According to LangChain’s 2023 State of AI survey, amongst the 6 most used retrieval strategies were Self Query, Contextual Compression, Multi-query and time weighted.

Source : LangChain State of AI 2023

Note : For more context on RAG, please read one of my previous blogs

Popular Retrieval Methods

Similarity Search

The similarity search functionality of vector databases forms the backbone of a Retriever. Similarity is calculated by calculating the distance between the embedding vectors of the input and the documents

Maximum Marginal Relevance

MMR addresses redundancy in retrieval. MMR considers the relevance of each document only in terms of how much new information it brings given the previous results. MMR tries to reduce the redundancy of results while at the same time maintaining query relevance of results for already ranked documents/phrases

Multi-query Retrieval

Multi-query Retrieval automates prompt tuning using a language model to generate diverse queries for a user input, retrieving relevant documents from each query and combining them to overcome limitations and obtain a more comprehensive set of results. This approach aims to enhance retrieval performance by considering multiple perspectives on the same query.

Contextual compression

Sometimes, relevant info is hidden in long documents with a lot of extra stuff. Contextual Compression helps with this by squeezing down the documents to only the important parts that match your search.

Multi Vector Retrieval

Sometimes it makes sense to store more than one vectors in a document. E.g A chapter, its summary and a few quotes. The retrieval becomes more efficient because it can match with all the different itypes of nformation that has been embedded.

Parent Document Retrieval

In breaking down documents for retrieval, there’s a dilemma. Small pieces capture meaning better in embeddings, but if they’re too short, context is lost. The Parent Document Retrieval finds a middle ground by storing small chunks. During retrieval, it fetches these bits, then gets the larger documents they came from using their parent IDs

Self Query

A self-querying retriever is a system that can ask itself questions. When you give it a question in normal language, it uses a special process to turn that question into a structured query. Then, it uses this structured query to search through its stored information. This way, it doesn’t just compare your question with the documents; it also looks for specific details in the documents based on your question, making the search more efficient and accurate.

Time-weighted Retrieval

This method supplements the semantic similarity search with a time delay. It gives more weightage, then, to documents that are fresher or more used than the ones that are older

Ensemble Techniques

As the term suggests, multiple retrieval methods can be used in conjunction with each other. There are many ways of implementing ensemble techniques and use cases will define the structure of the retriever

Example : Similarity Search using LangChain

  • Loading our text file using TextLoader,
  • Splitting the text into chunks using RecursiveCharacterTextSplitter,
  • Creating embeddings using all-MiniLM-L6-v2
  • Storing the embeddings into Chromadb
  • Retrieving chunks using similarity_search
from langchain.document_loaders import TextLoader
from langchain.embeddings.sentence_transformer import
SentenceTransformerEmbeddings
from langchain.text_splitter import RecursiveCharacterTextSplitter
from langchain.vectorstores import Chroma

# load the document and split it into chunks
loader = TextLoader('../Data/AK_BusyPersonIntroLLM.txt')
documents = loader.load()

# split it into chunks
text_splitter = RecursiveCharacterTextSplitter(chunk_size=1000,
chunk_overlap=200)

docs = text_splitter.split_documents(documents)

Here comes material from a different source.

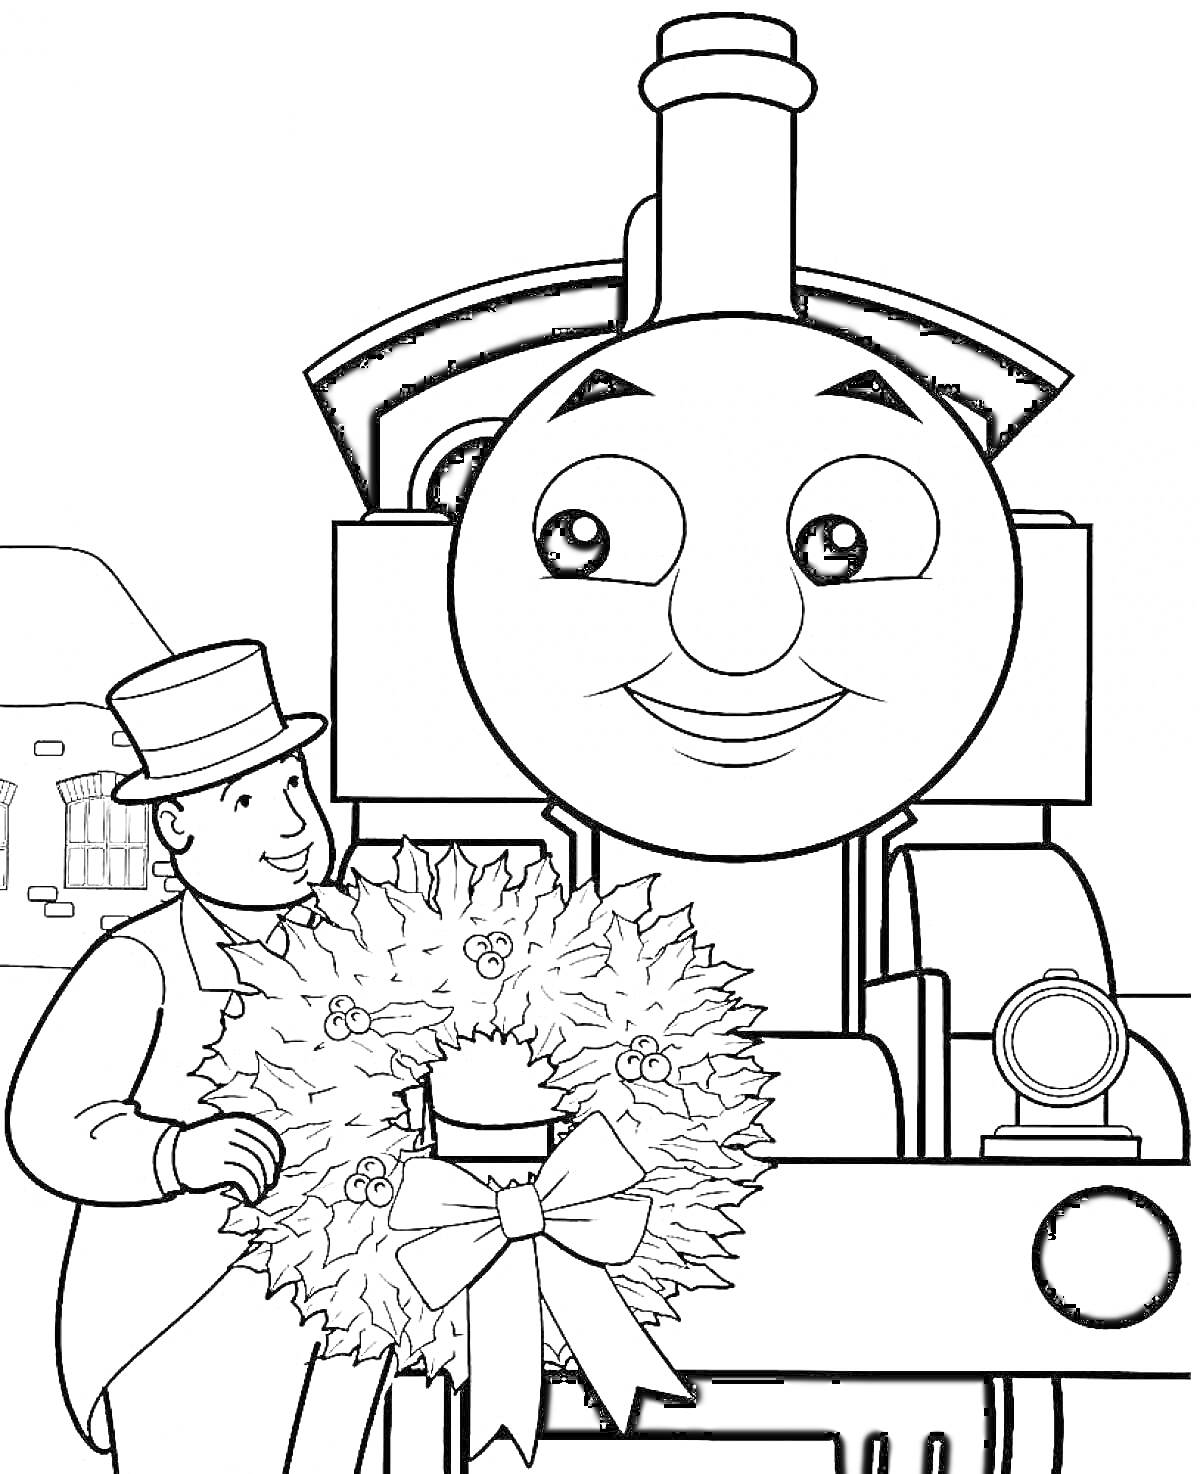 Паровозик Томас с новогодним венком и человеком в шляпе

# create the open-source embedding function
embedding_function = SentenceTransformerEmbeddings
(model_name="all-MiniLM-L6-v2")

# load it into Chroma
db = Chroma.from_documents(docs, embedding_function)

# query it
query = "What did Andrej say about LLM operating system?"


# distance based search
docs = db.similarity_search(query)

# print results
print(docs[0].page_content)

Example : Similarity Vector Search

  • Loading our text file using TextLoader,
  • Splitting the text into chunks using RecursiveCharacterTextSplitter,
  • Creating embeddings using all-MiniLM-L6-v2
  • Storing the embeddings into Chromadb
  • Converting input query into a vector embedding
  • Retrieving chunks using similarity_search_by_vector
from langchain.document_loaders import TextLoader
from langchain.embeddings.sentence_transformer import SentenceTransformerEmbeddings
from langchain.text_splitter import RecursiveCharacterTextSplitter
from langchain.vectorstores import Chroma

# load the document and split it into chunks
loader = TextLoader('../Data/AK_BusyPersonIntroLLM.txt')
documents = loader.load()

# split it into chunks
text_splitter = RecursiveCharacterTextSplitter(chunk_size=1000,
chunk_overlap=200)

docs = text_splitter.split_documents(documents)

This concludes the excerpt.